Your assignment:
Exactly as written, return every line of the data below apart from the pictures.

Data section:
________________________________________

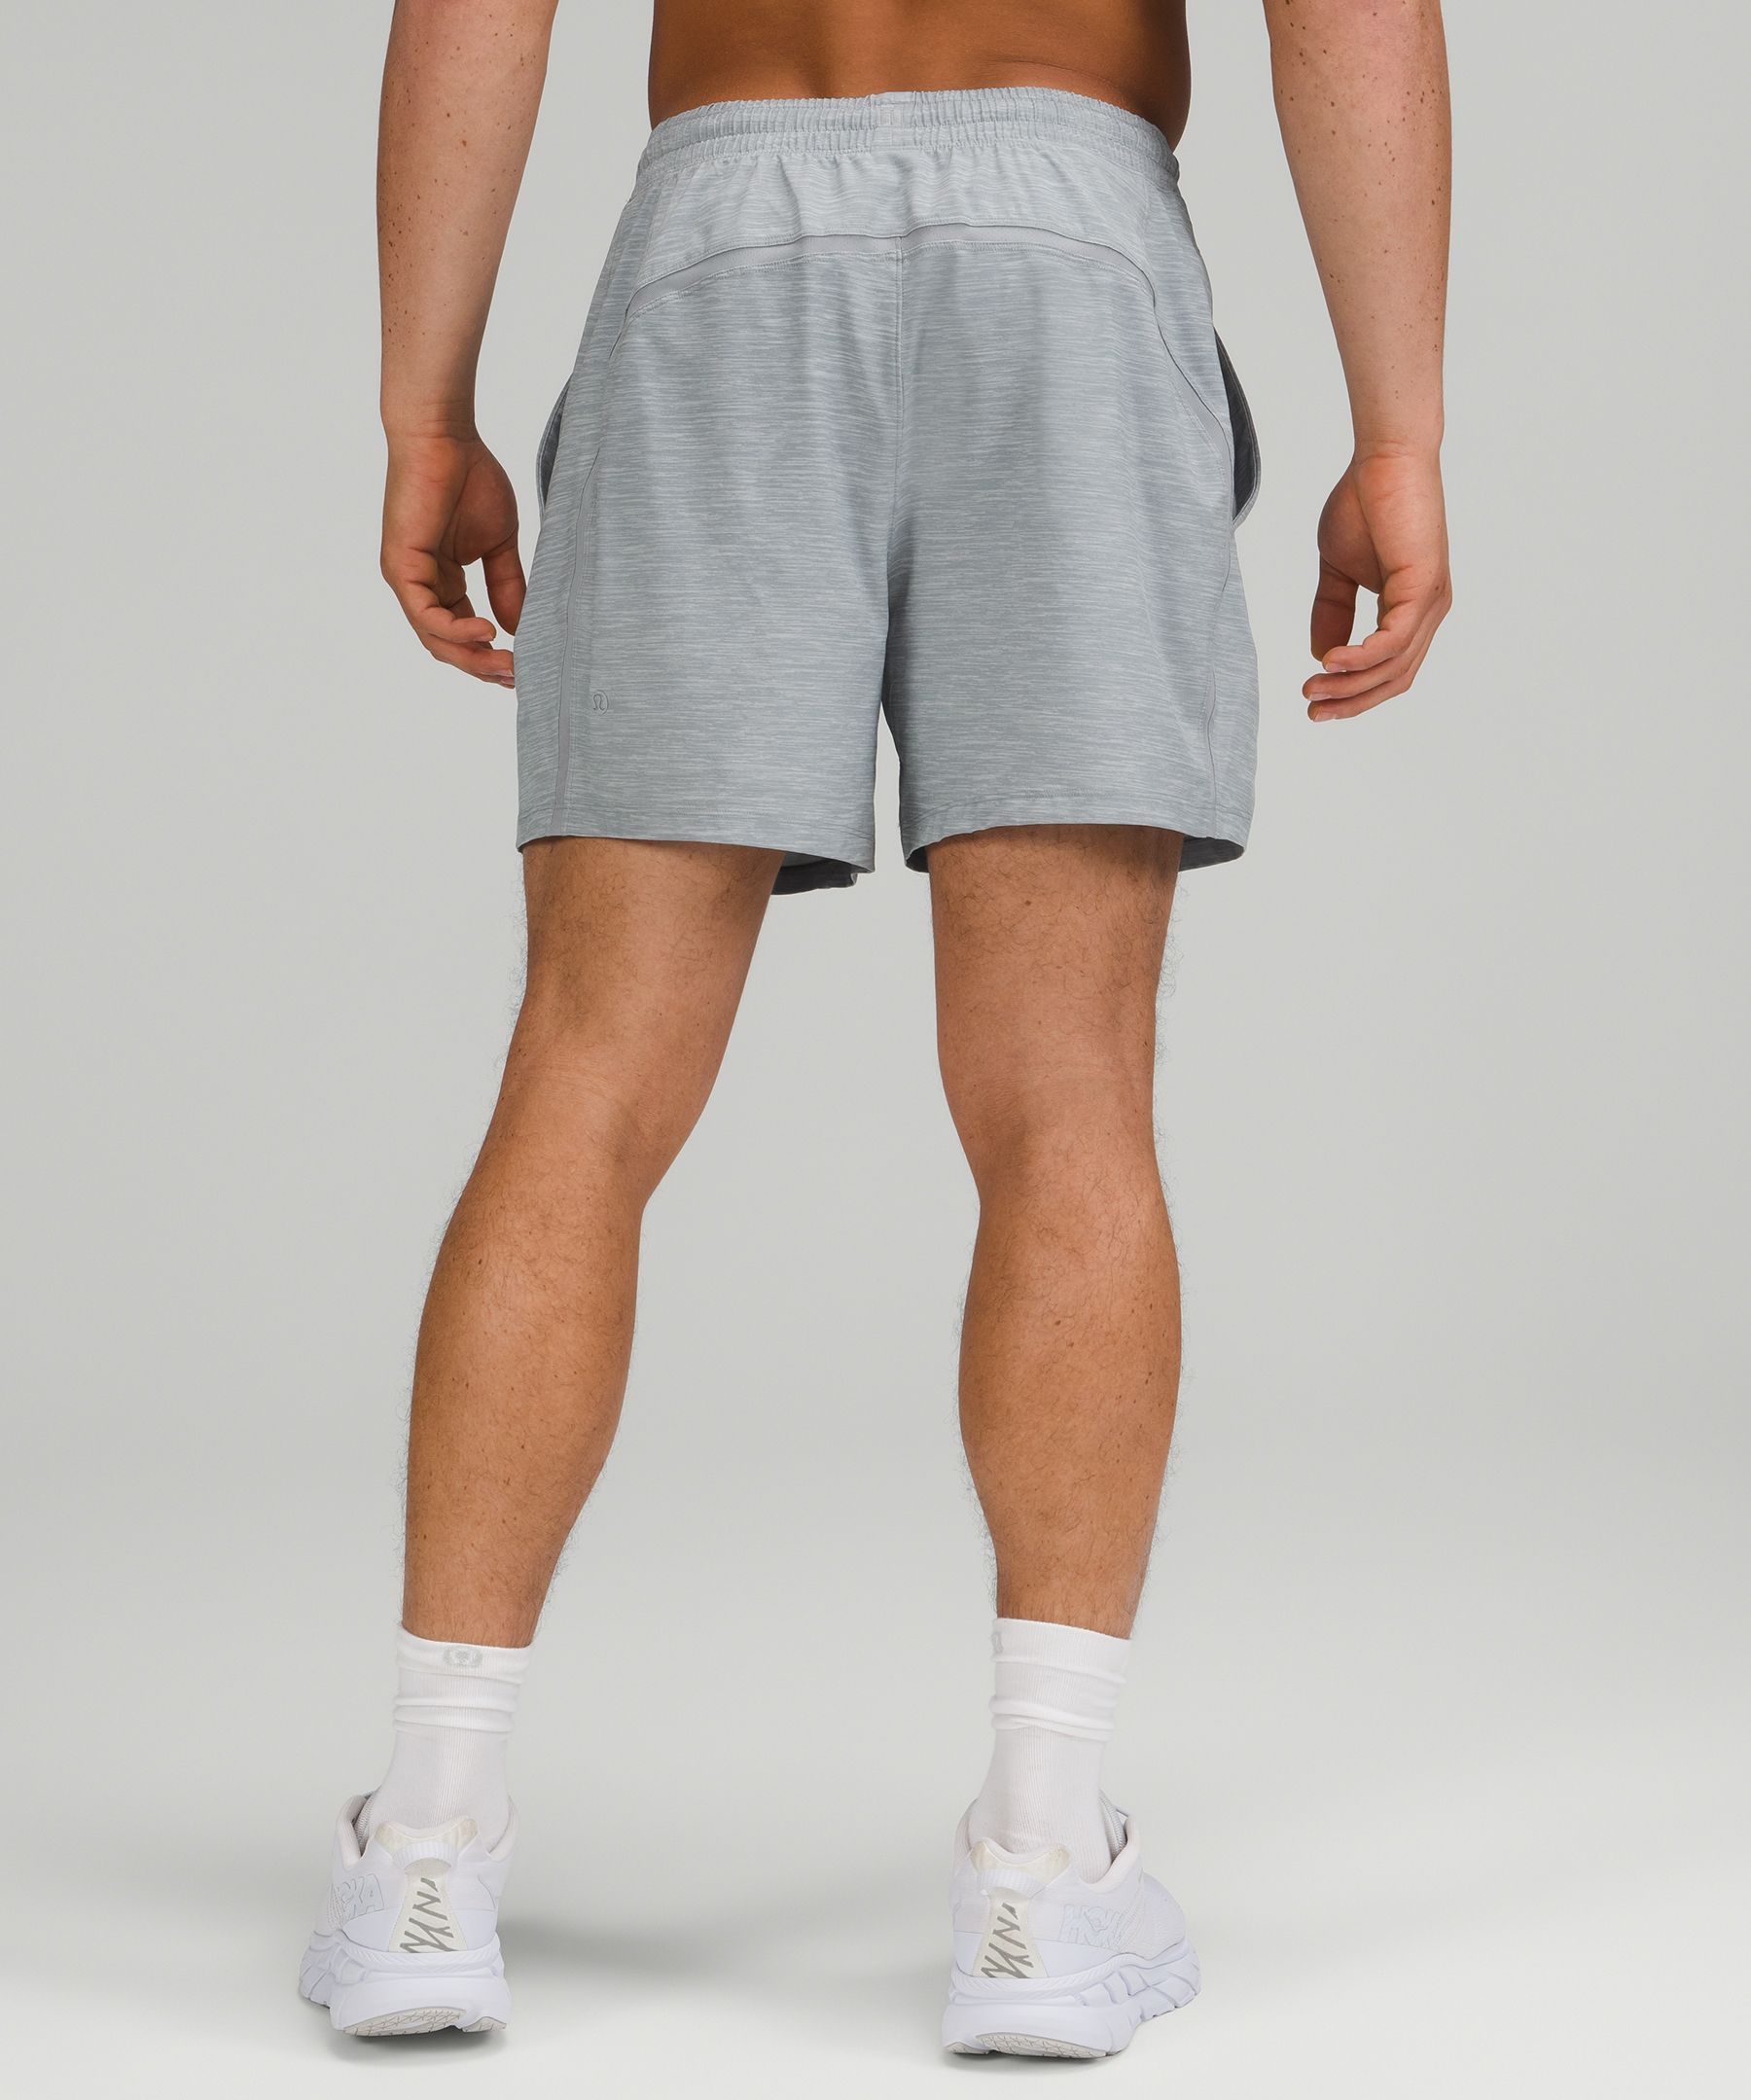 EUC Lululemon Shorts with compression liner
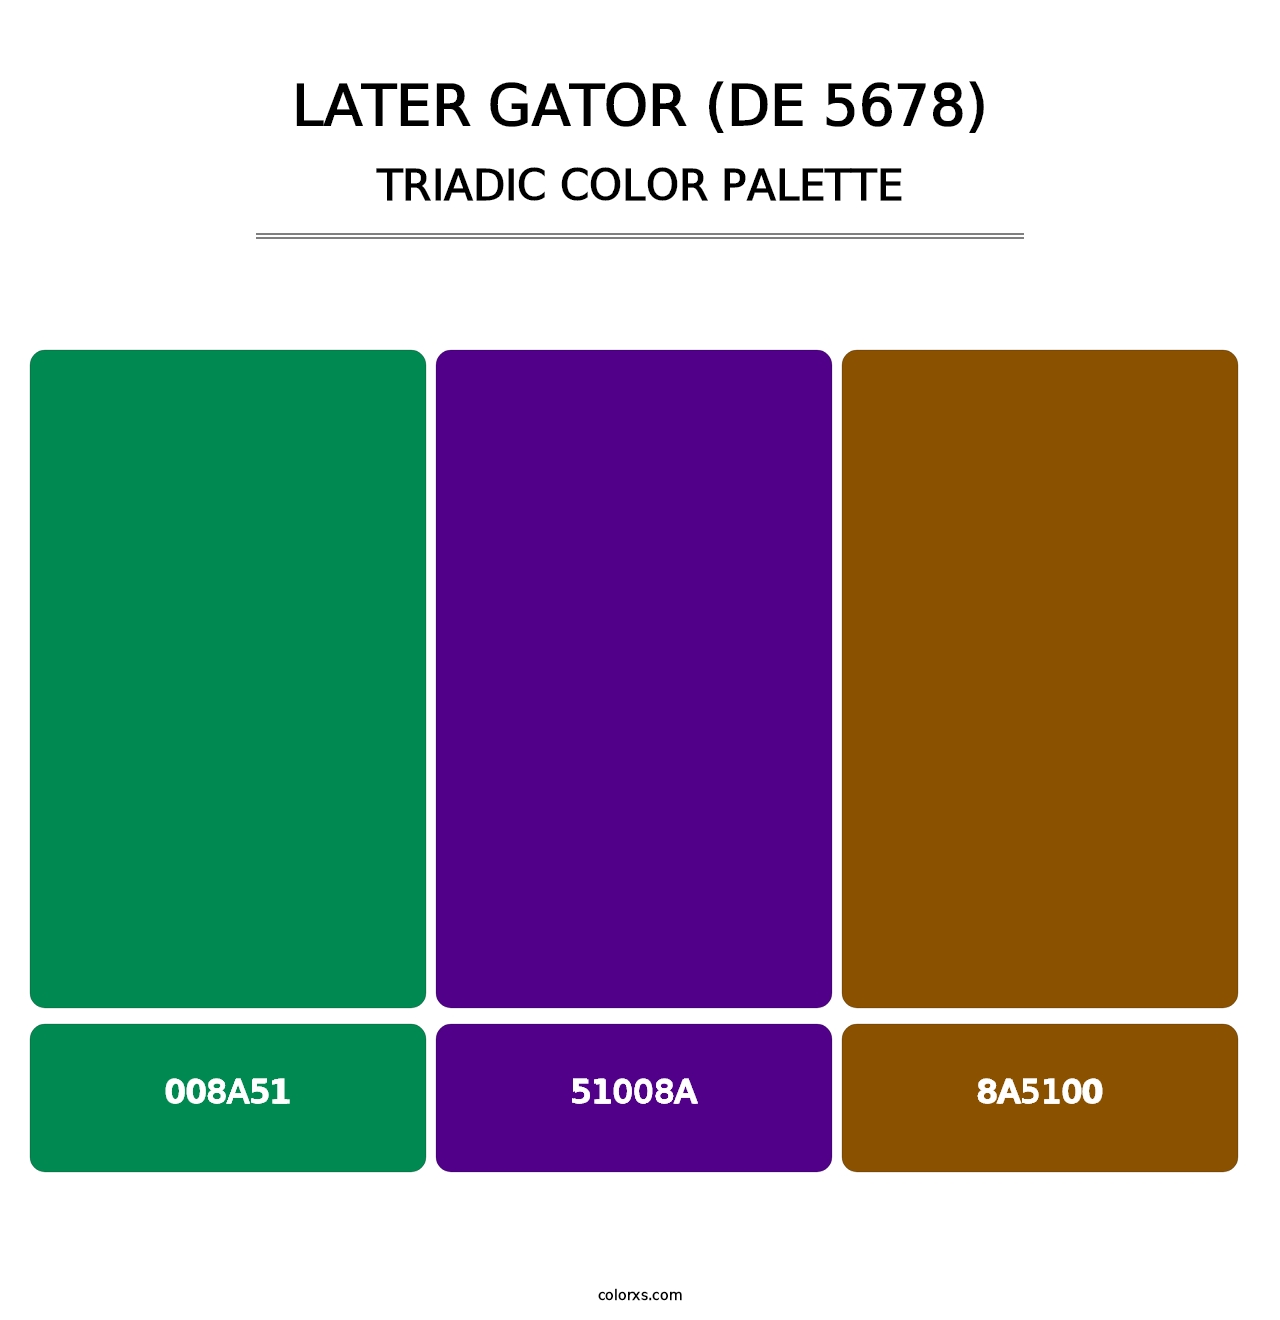 Later Gator (DE 5678) - Triadic Color Palette
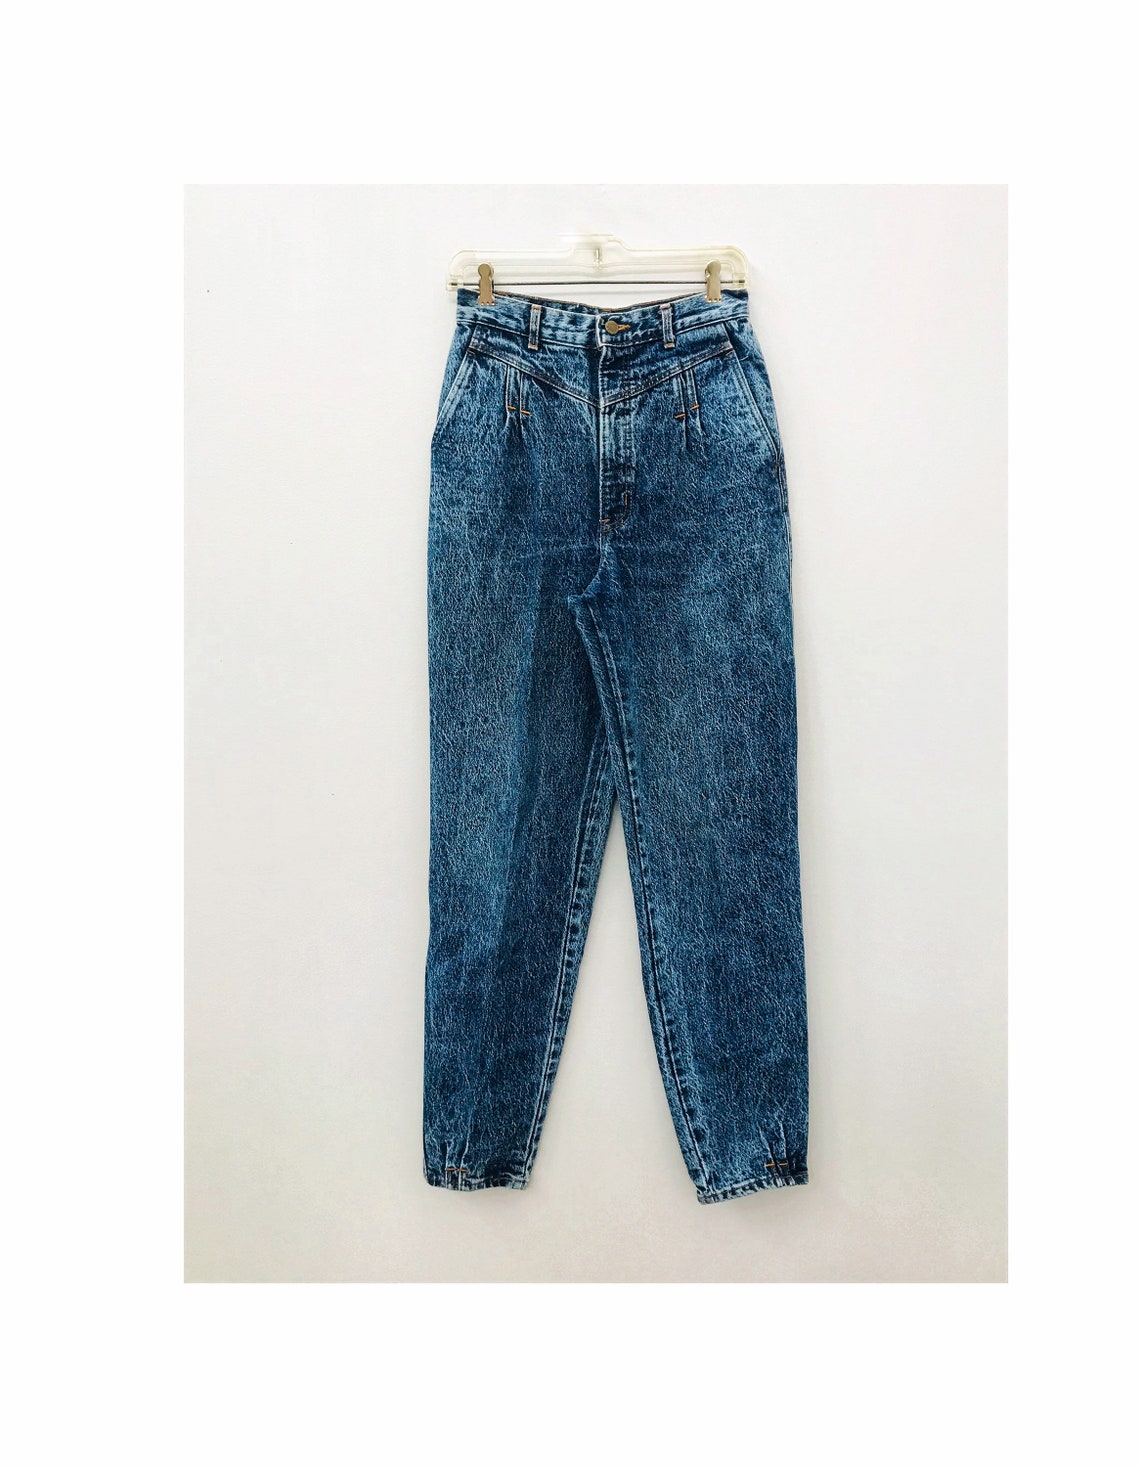 Vintage 1980s Sunset Blues Jeans 80s High Waist Tapered Leg | Etsy
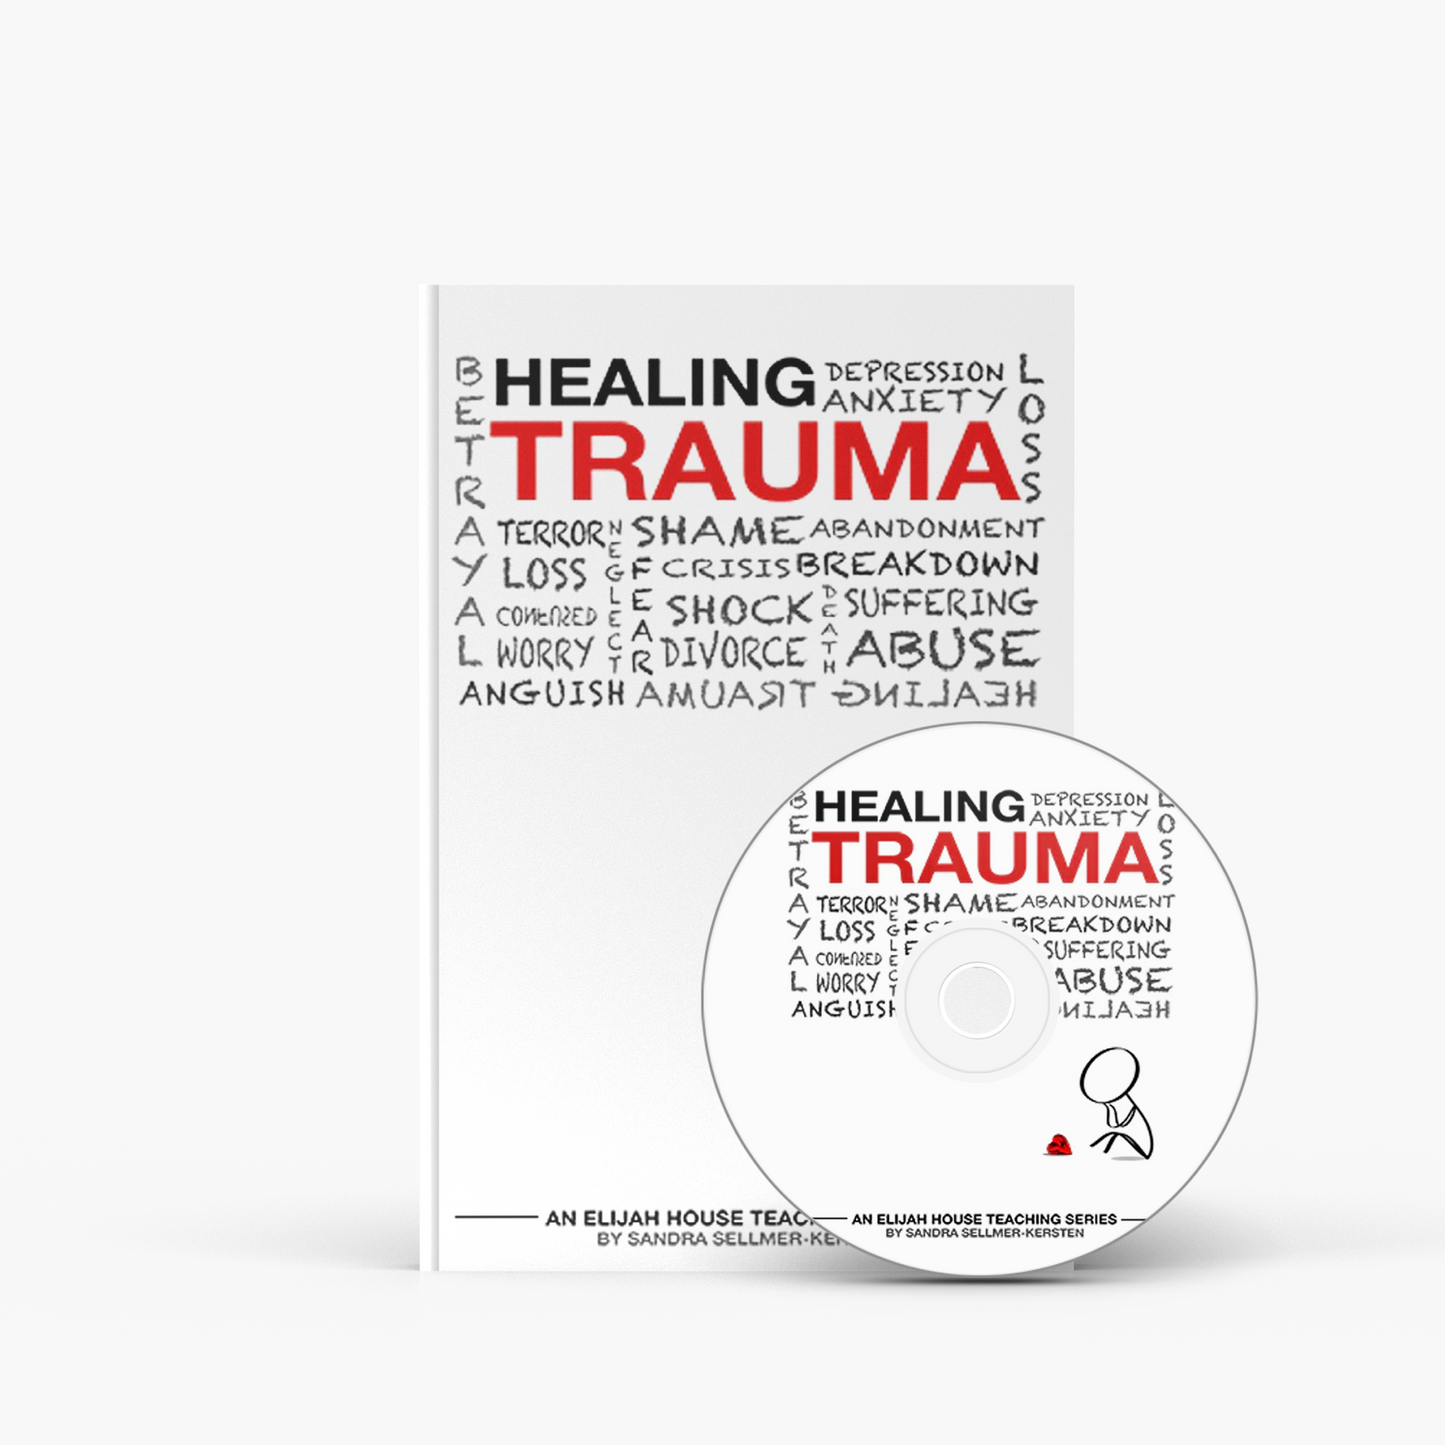 Healing Trauma - DVD Package Deal

________________________________________

Response to the task:
 EUC Lululemon Shorts with compression liner
 Later Gator (DE 5678) - Triadic Color Palette
 Vintage 1980s Sunset Blues Jeans 80s High Waist Tapered Leg | Etsy
 Healing Trauma - DVD Package Deal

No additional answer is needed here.